**Exercise details:** Reproduce the listing below in full and exactly; no pictures belong in the copy.

**Source material:**

━━━━━━━━━━━━━━━━━━━━

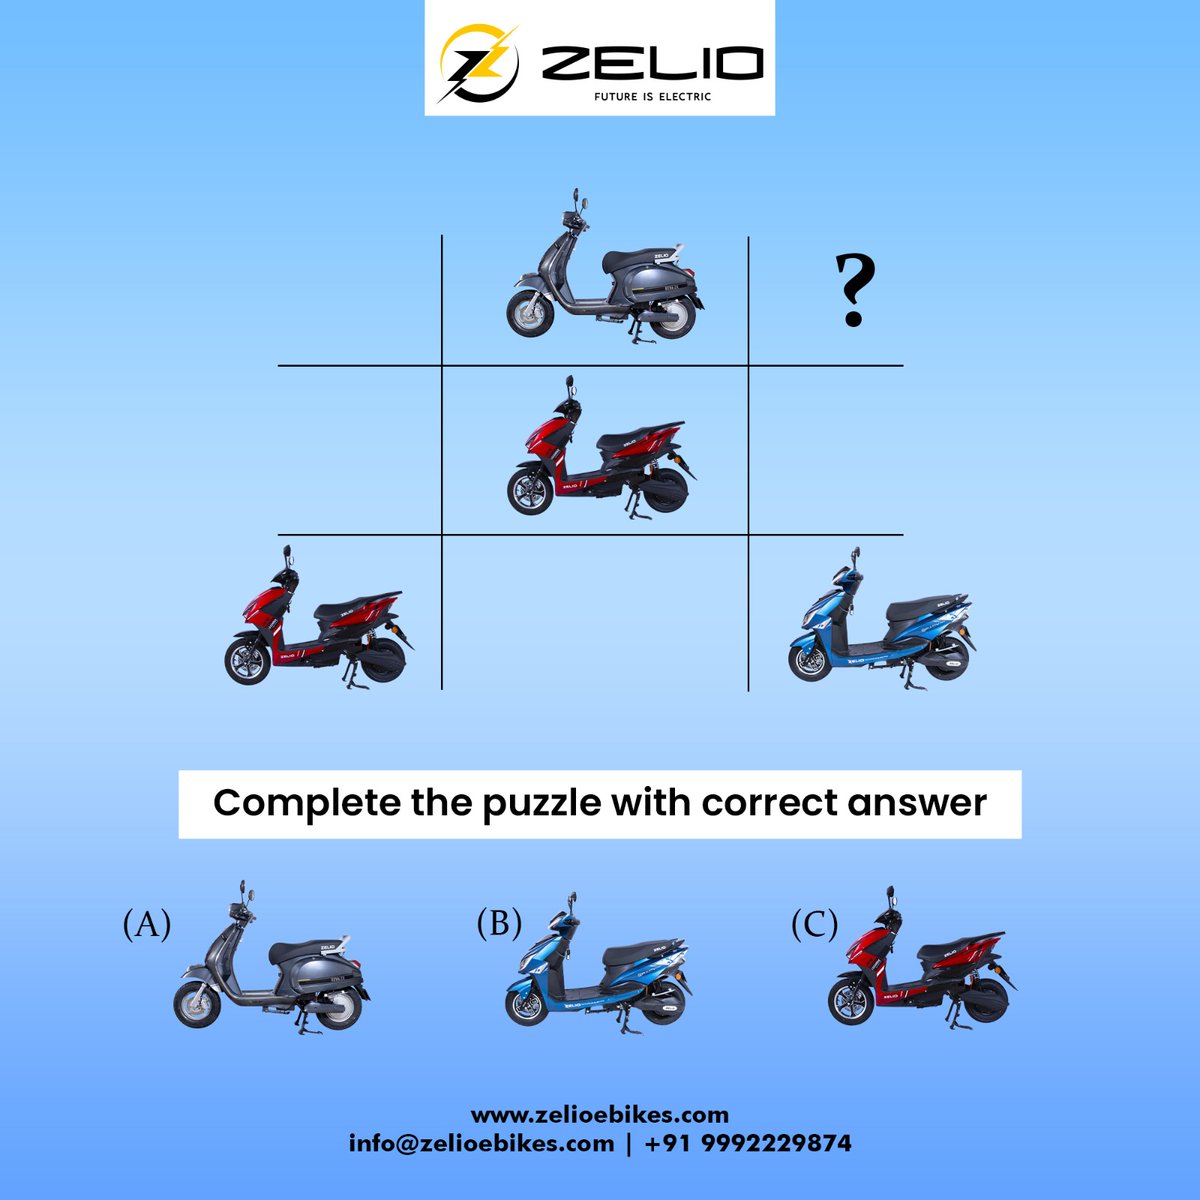 Comment the right answer below
. 
.
#Zelioebikes #ebike #escooter #EV #electricscooter  #scootyride #braingame #braingames #game2023 #gamepost #GamePost #ev #EVScooter #evscooter #evscootersinindia #evlover #evrider #evride #sundaygame #comfortride

━━━━━━━━━━━━━━━━━━━━

**Reply:**
 Comment the right answer below
. 
.
#Zelioebikes #ebike #escooter #EV #electricscooter  #scootyride #braingame #braingames #game2023 #gamepost #GamePost #ev #EVScooter #evscooter #evscootersinindia #evlover #evrider #evride #sundaygame #comfortride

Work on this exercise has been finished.